Тебе не исполнилось и тридцати пяти, когда поставили устрашающий диагноз для любой молодой матери. Тебе рекомендовали повитух и знахарей. Обещали целебные снадобья и приправы. Угрожали тяжелой операцией.
– Только рожать, – отрезал сухой, безликий и безымянный доктор.
Ты белила потолок, когда свекровь заявила, уж не поздно ли?
– Вас хочу догнать, – в такт кисти промолвила ты.
Теперь он в коляске пьян от запаха влажного белья. Он опьянеет от одного стакана вина в тринадцать лет. Он парит над тобою, когда его синее тело холодеет под теплым одеялом твоих рук в больничной, выкрашенной почему-то в синий цвет палате. Он заболеет диатезом на четвертый день после рождения. Ничего соленого или сладкого. Ни овощей, ни фруктов. Ни цитрусовых, ни мороженого. В четыре года у него обнаружится воспаление легких. В шесть, благодаря открытому настежь незастекленному балкону (какой жар мучил хмельного отца), обострение перешло в хроническую астму.

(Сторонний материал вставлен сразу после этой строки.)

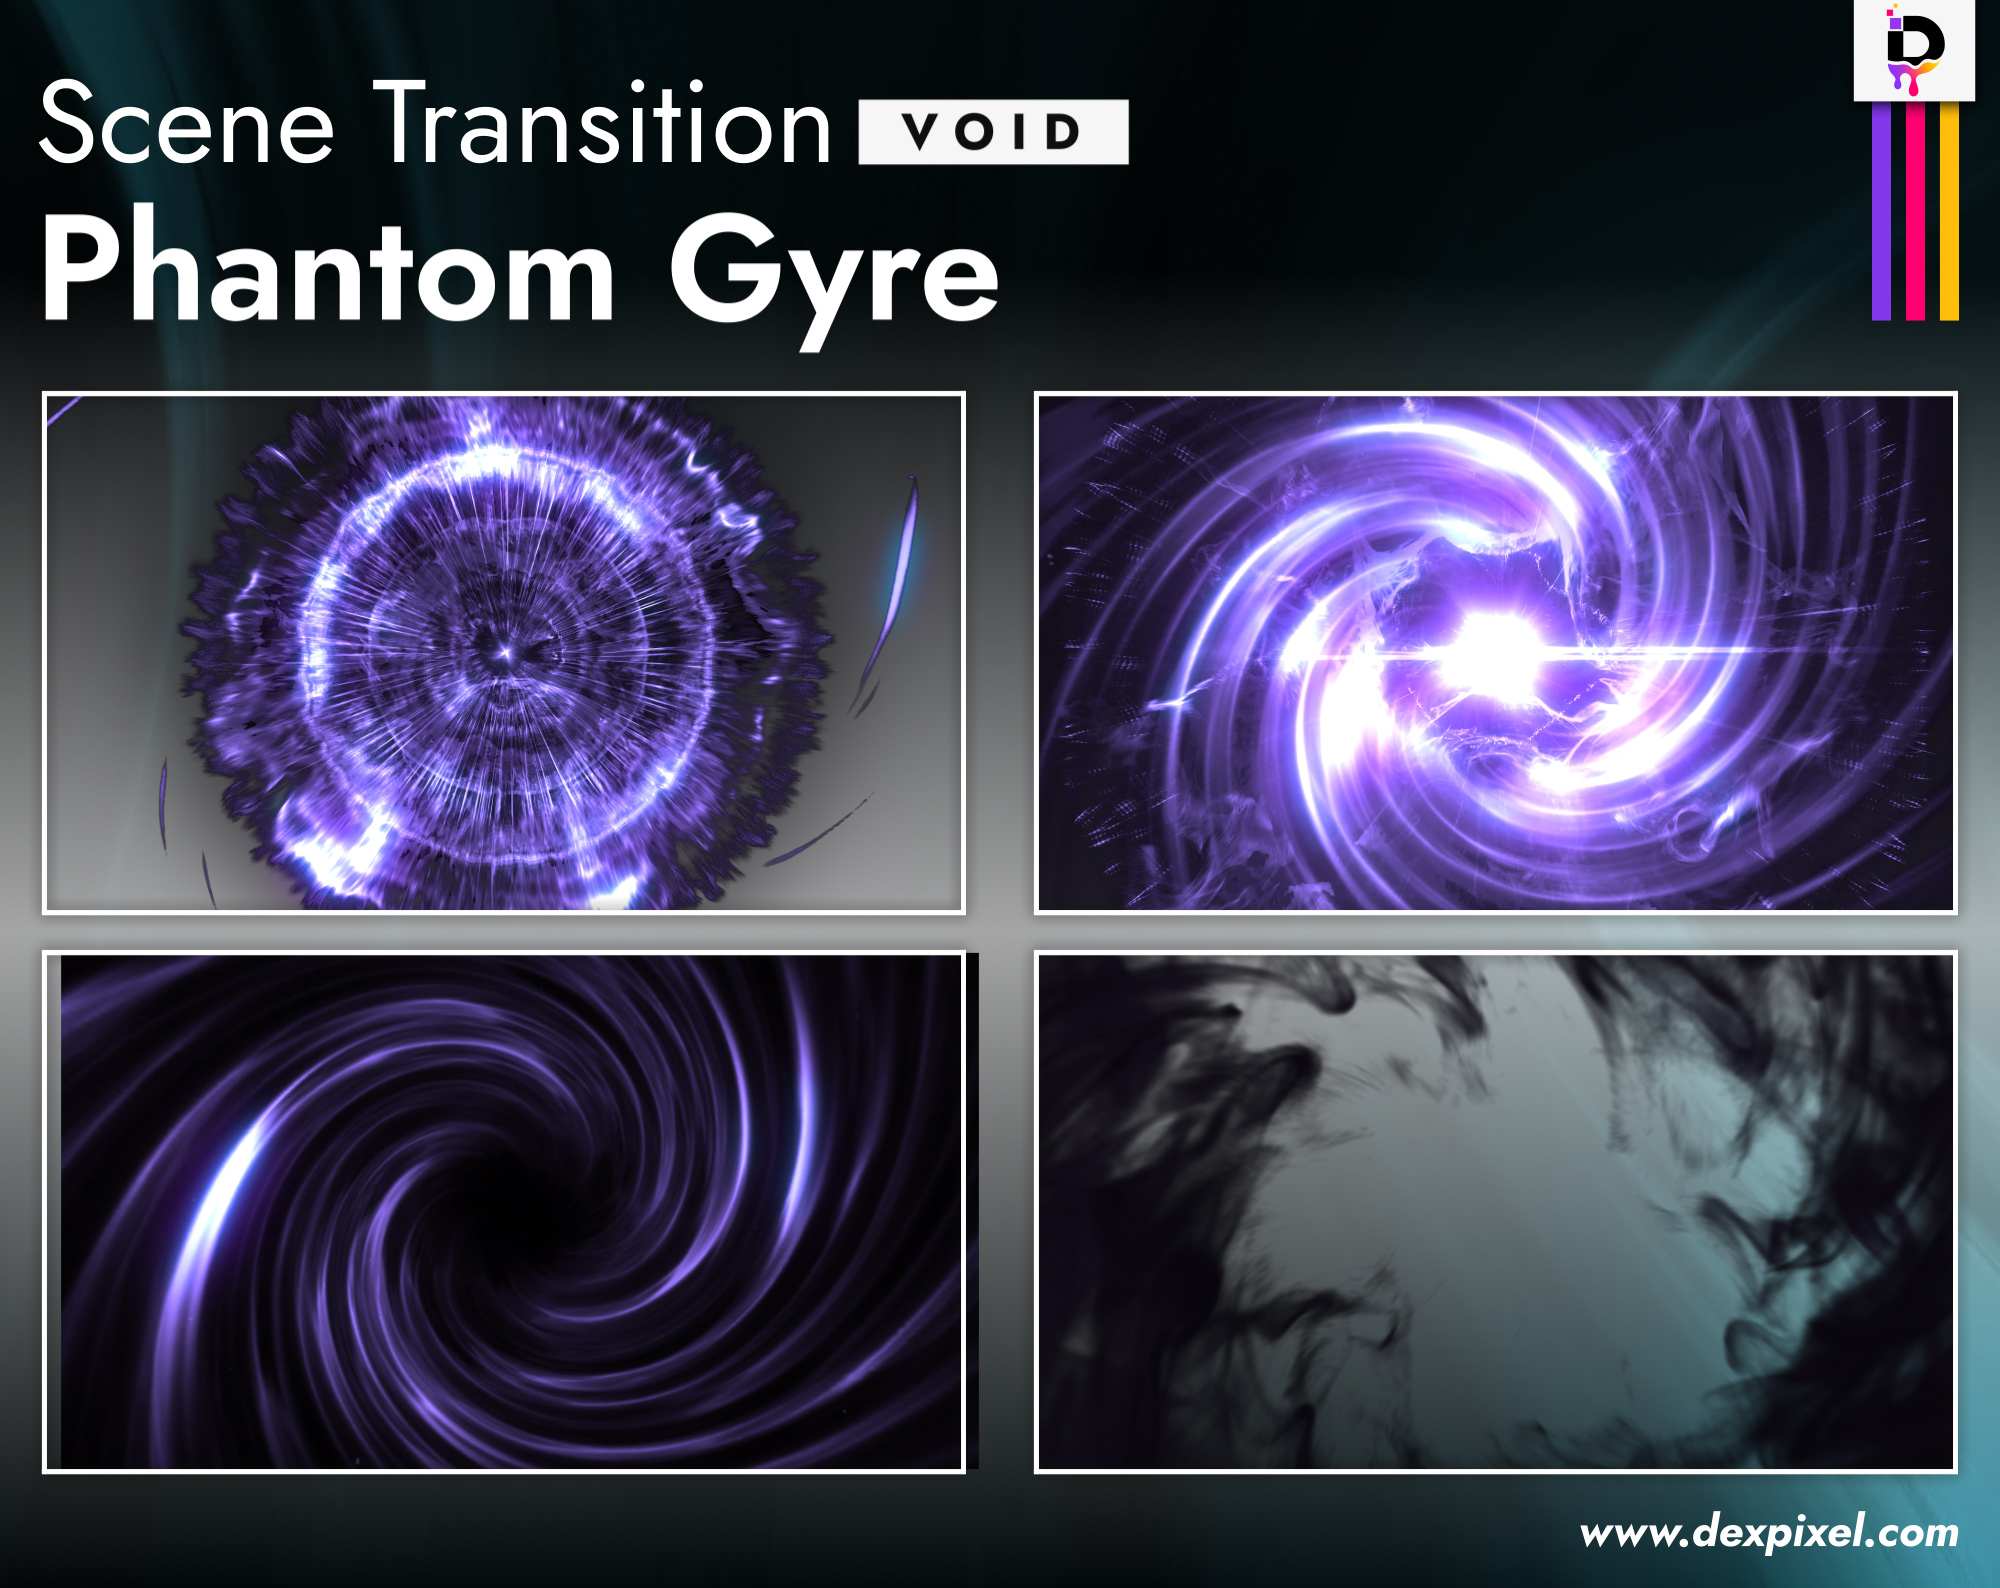 Scene Transition Phantom Gyre Void

Я проношусь синей тенью над твоей измученной жизнью, синим туманом накрываю твое уставшее лицо. Ты – дочь верховного божества, праотца первых неписаных природных законов. Ты его маленькая отрада и услада, и он ждет тебя, не в силах даровать земное утешение кроме болезненного младенца в люльке, кроме меня до времени воспарившего в неизвестность, и раньше повидавшего своего предка. Ты наизусть читаешь его законы, которым тебя не учили, и по ним живешь, никому не причиняя вреда, не становясь ни у кого на пути. Но, видимо, законы слишком давно установлены – устарели, забыты, искажены, изворочены – их прописи смыты временем и грубыми руками людей.